Data used to be the exclusive preserve of data scientists, analysts, and senior executives, but all that has changed now. Access to data, and the tools that help you to visualize, analyze, and generally make sense of it, has been thrown wide open over the last few years, making it possible for businesses to transition to being almost entirely data-driven.
Despite this shift, businesses aren’t always integrating that data properly. If you’re still holding on tightly to your control over which of your team members have access to deal directly with your data, it’s time to relax your grip. In most situations, the more people interact with and use data, the better for your business as a whole.
Until recently, most businesses followed a model where certain individuals within the organization would interact with data independently. There’d be a few analysts and data scientists, and certain executives who make high-level business decisions based on the data fed to them by analysts.
But now that model is looking outdated and insufficient for the needs of a truly agile data-driven business. It’s time to build a broader data team that is integrated into your whole business. Next-generation business intelligence platforms make it much easier to collaborate on data-driven projects, so you can reap the benefits of a team approach to data-driven business management.
Reduce frustration
Taking a team approach to data-driven business management forces you to democratize access to the data and the tools needed to visualize, analyze, and process it.
It’s vital to make sure that everyone can access your data without long, frustrating delays while they try to find the right dataset or locate the newest machine learning model. Dismantling silos and opening up data banks boosts productivity, raises employee engagement, and reduces resentment among those employees who are locked out of the data mines.
Increase communication
The bigger the corporation, the greater the risk that individuals, groups, or whole departments will lose touch with each other. You can end up with different departments working at cross-purposes, or with Sales sitting on data that could resolve mysteries in Product, for example, only no one in Product even knows that it exists.

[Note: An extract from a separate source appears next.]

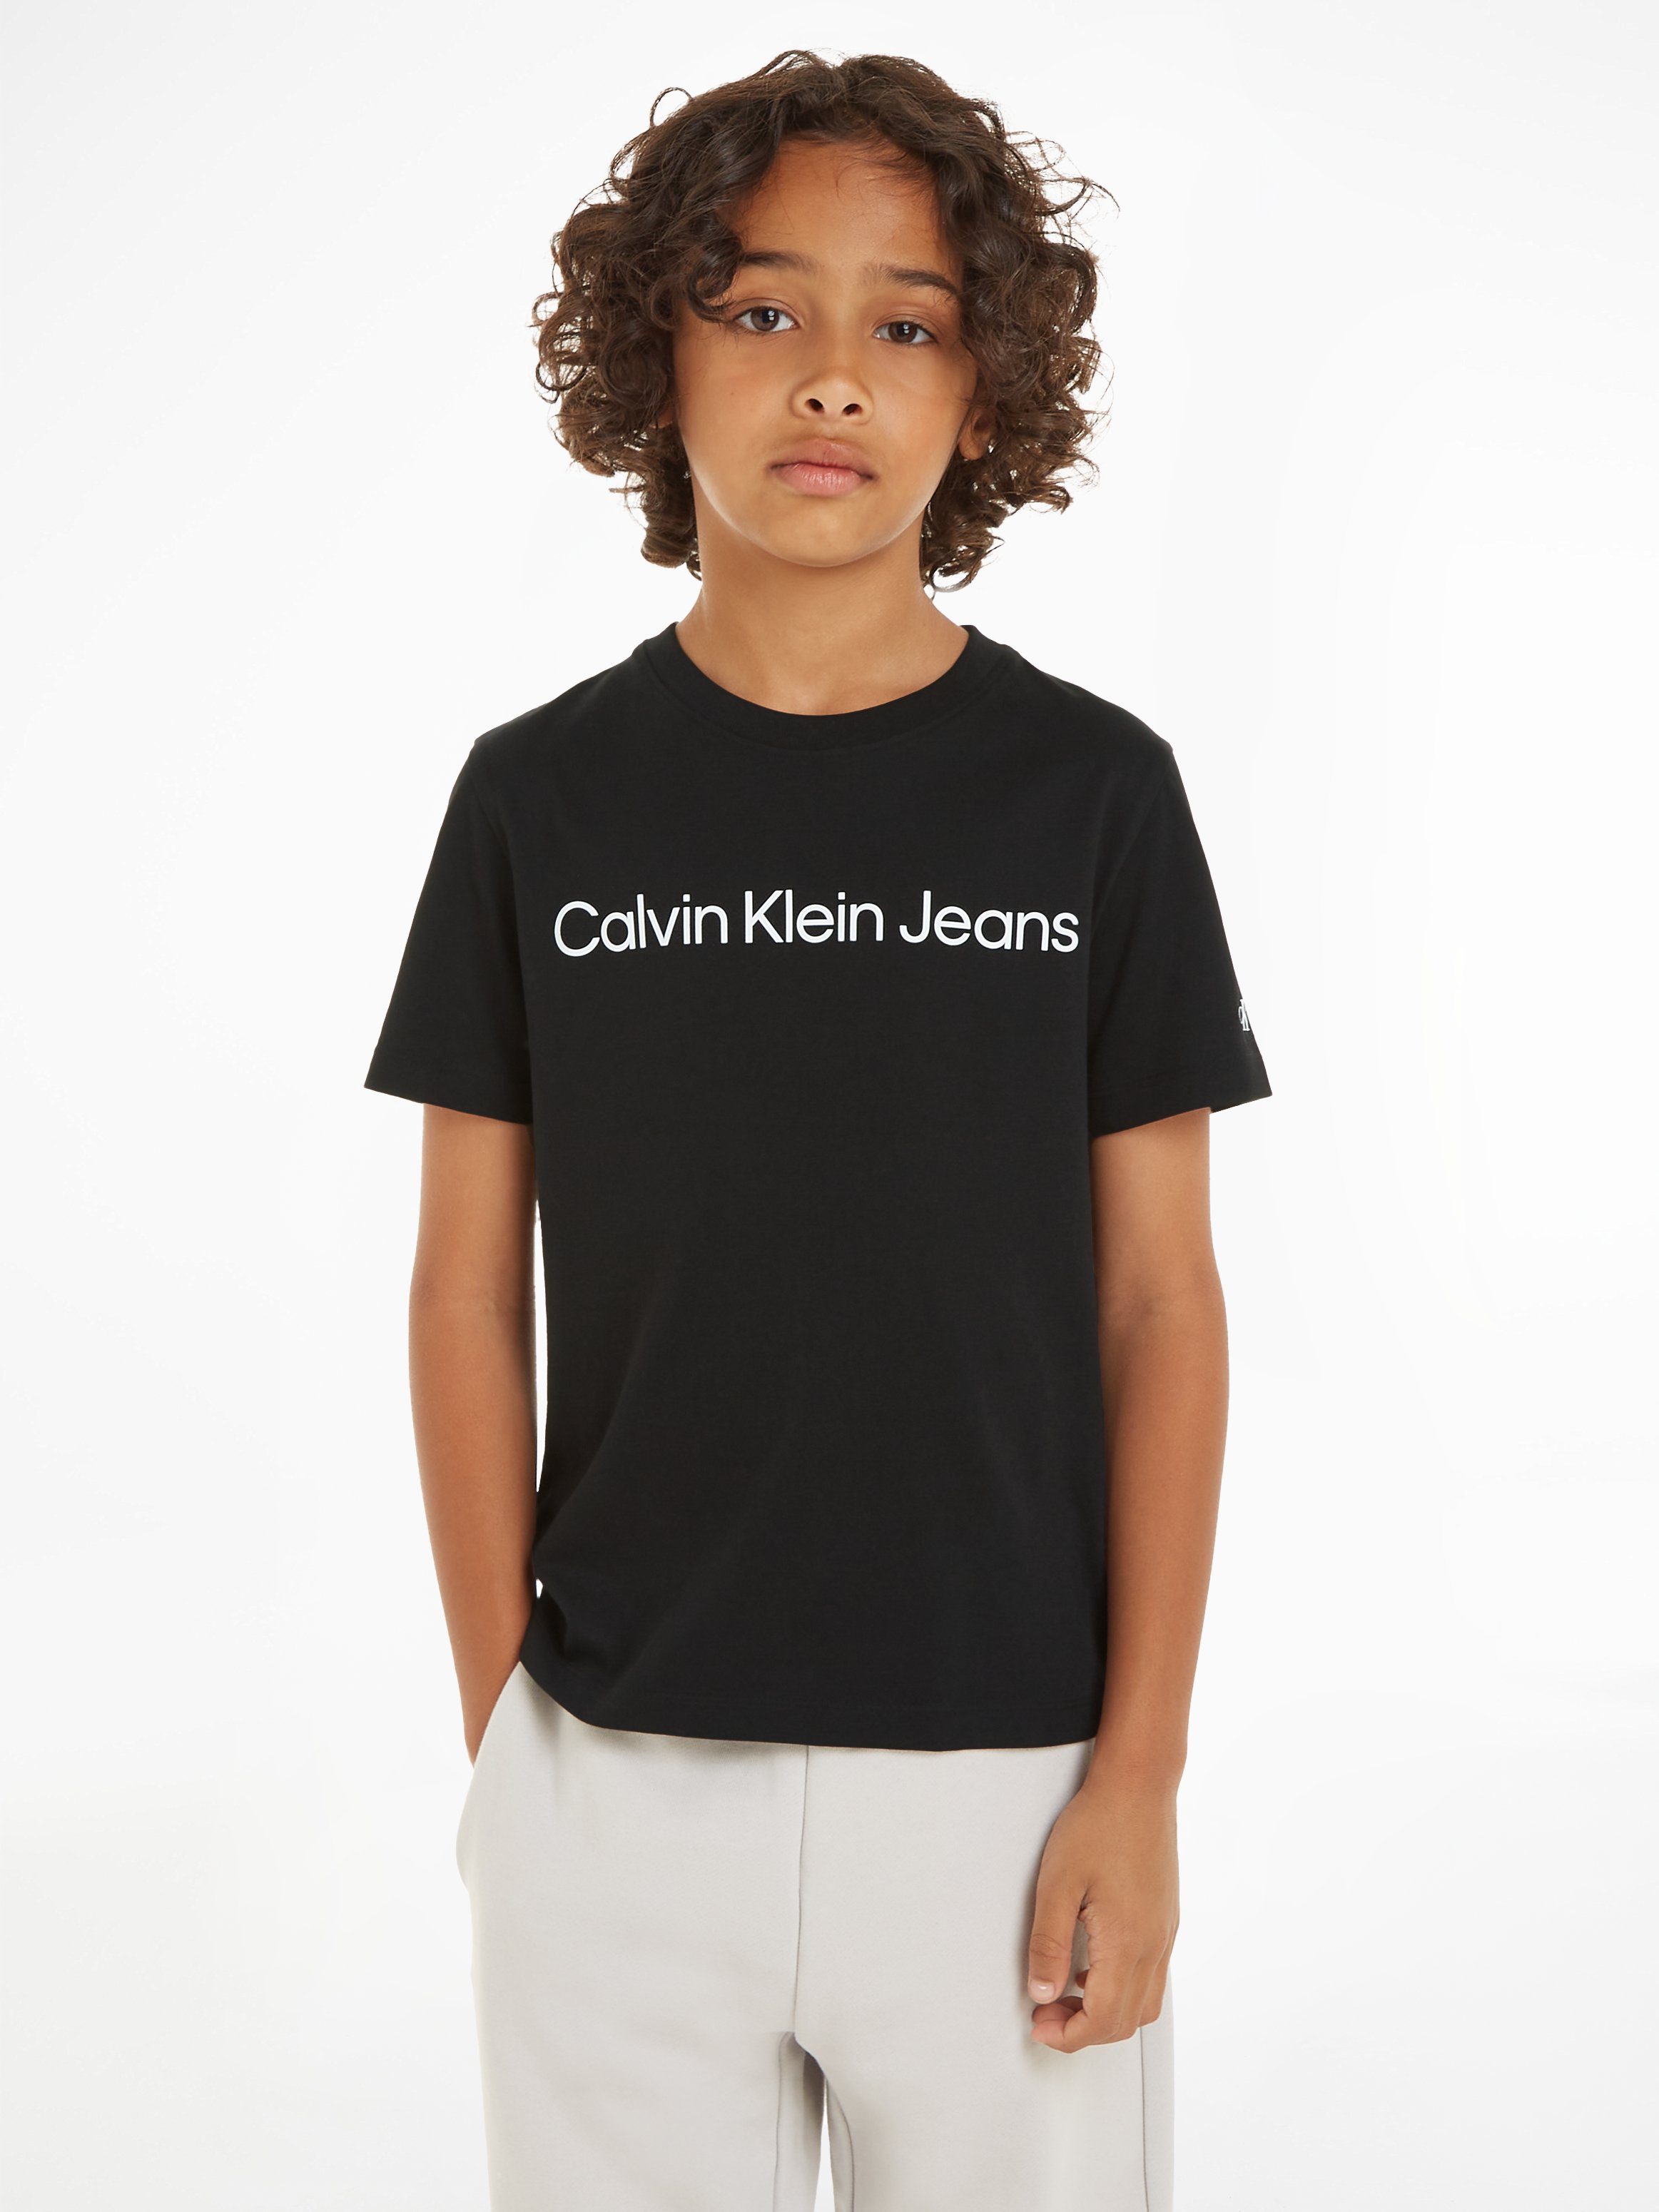 Calvin Klein Jeans LOGO Kinder T-SHIRT 16 Jahre SS für INST. bis Sweatshirt
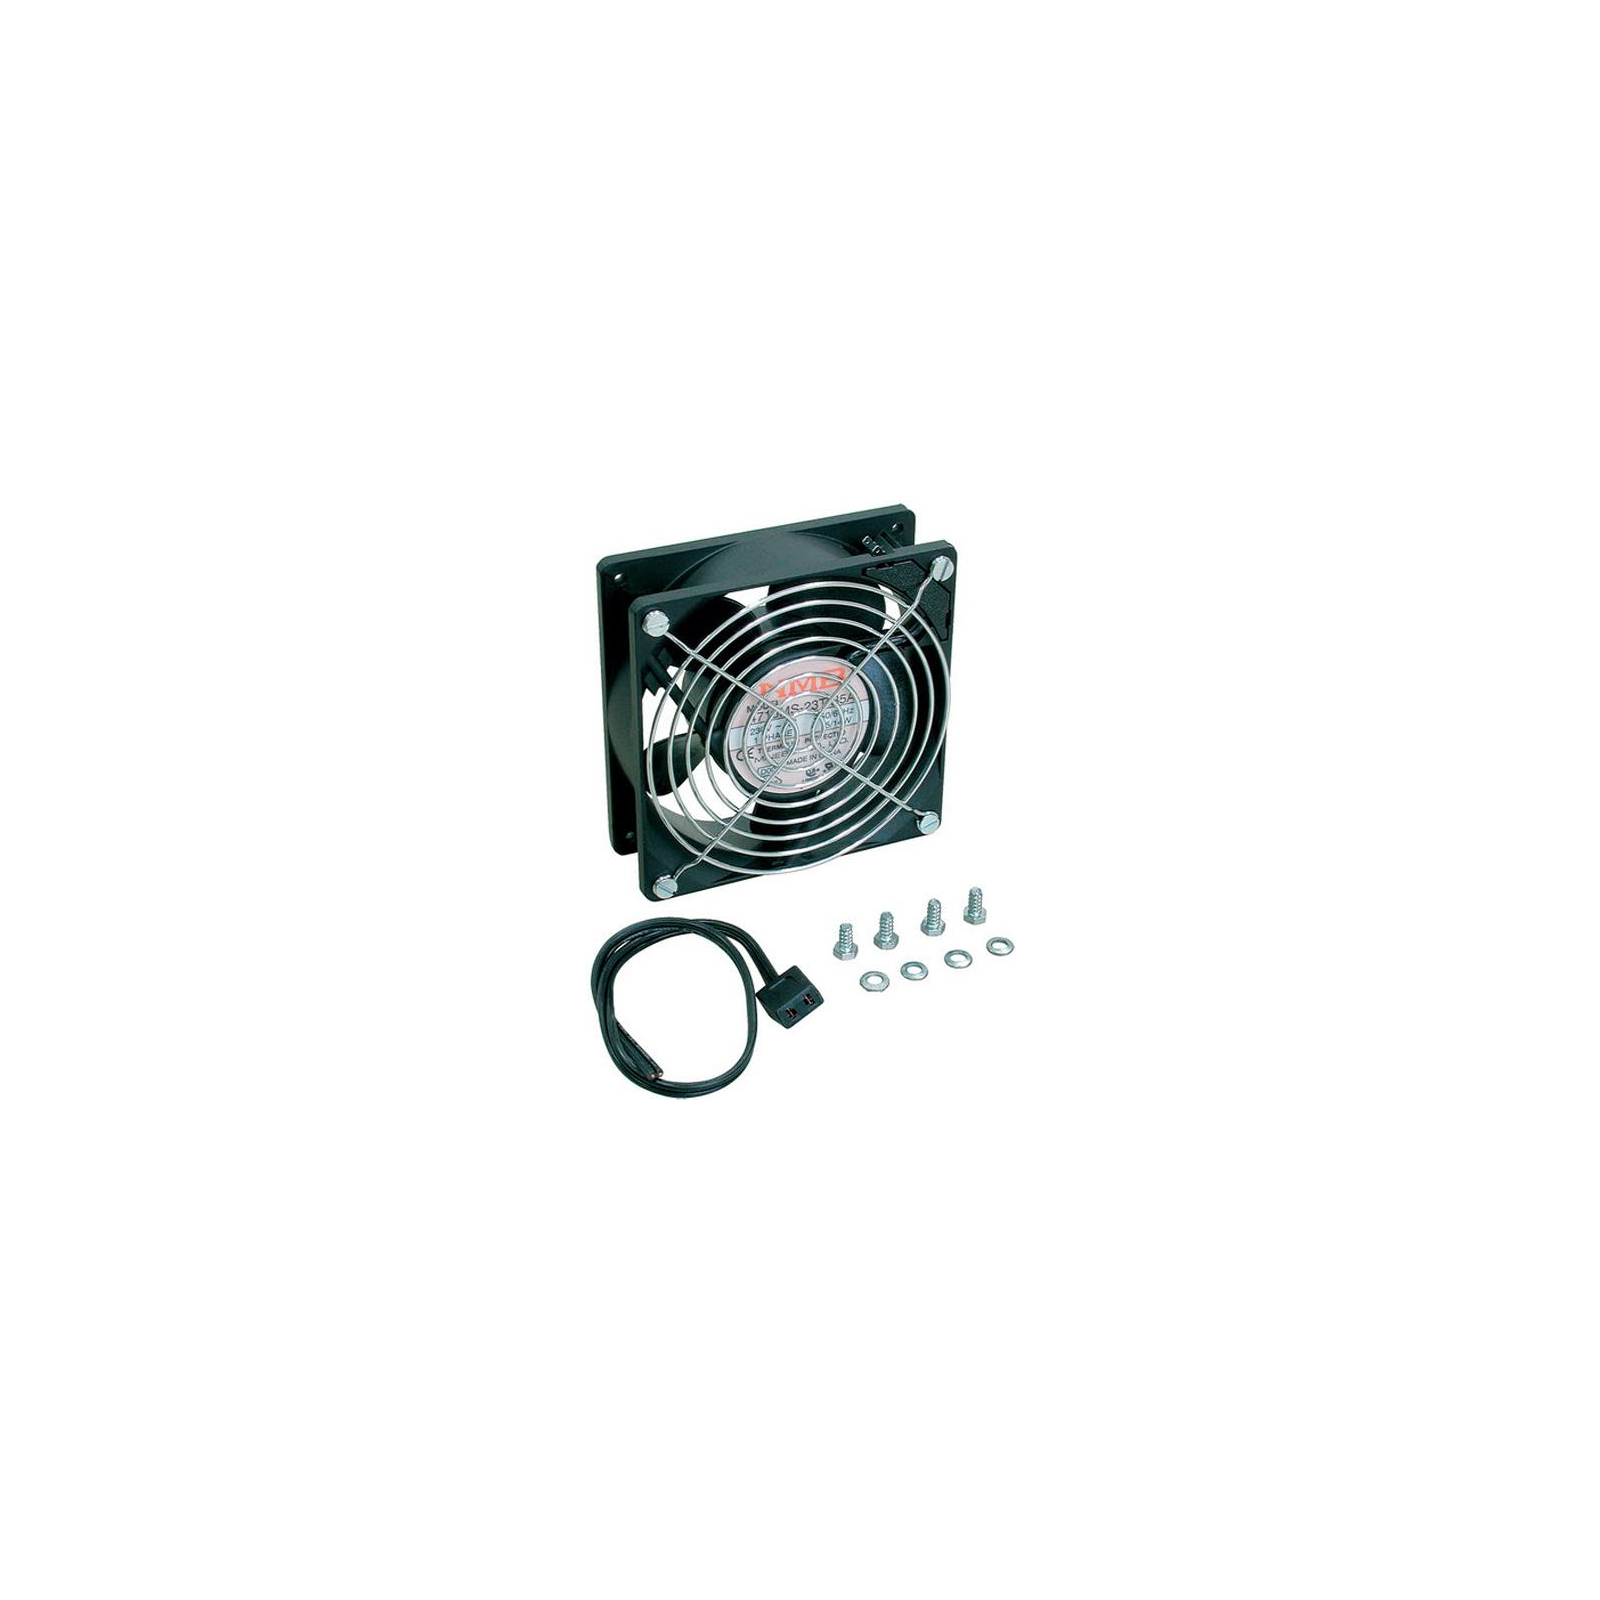 Вентиляторний модуль Zpas 220В, для навесных шкафов Z-BOX, SD2, SJ2, SJB (WN-0200-04-00-000)

Building cross-departmental data teams removes this risk of data silos and isolated departments.
Data teams also help you maintain focus on critical business challenges and opportunities. Instead of having every department haring off in a different direction, dragging their data to investigate a different issue, your data teams will all be giving their attention to the same problem.
Commoditize your data
Data may be a business’s most valuable raw material today, but just like other raw materials, you can only realize its true value when you process it. Nearly every business is rich in raw data, but you might struggle to commoditize it in a way that fuels smart management decisions.
Scattered analysts, data scientists, and other employees working on your data in disparate areas of the company can’t keep up with the flood of information that gushes into every organization today.
You need coordinated data teams to produce all the valuable predictions and actionable insights that would otherwise go to waste, slipping through the cracks between one individual and the next.
Empower every department
There’s also a risk that business departments and teams that aren’t trained in data science could make a mess of your data projects. If you lavish self-service tools on untrained employees, there’s a big chance that they’ll misinterpret or misperceive data, insights, and predictions.
Business decisions based on these flawed conclusions won’t bring the desired results, which, in turn, may provoke distrust in data and hobble your long-term move to data-driven business decision-making. Gartner famously reported a 60% failure rate for data projects, which was later updated to 85% by Gartner analyst Nick Heudecker. Heudecker added that this high failure rate stems from a lack of skills and the difficulty integrating data projects with existing business processes, among other causes.
The better alternative is to build data teams, with data engineers, database administrators, analysts, and other data workers working alongside other employees. This way, every department can access, manipulate, and model data correctly to answer questions, predict future KPIs, and make good decisions.
Make your business more innovative and agile
When you build cross-departmental data teams, you’re also building in potential for fruitful cross-fertilization with ideas and approaches.
Combining your marketers with data scientists and DevOps workers with analysts makes your business more innovative and agile in responding to change.
Data teams are the key to a successful data-driven business
Converting your isolated data workers into coordinated, integrated data teams is the next phase in transforming your business to be based on smart, data-driven management.
By opening up data silos and creating holistic, cross-departmental data teams, you’ll be able to reduce frustration among your employees, actualize the true value of your data, empower all your departments to base their decisions on data, and make your business more agile and innovative.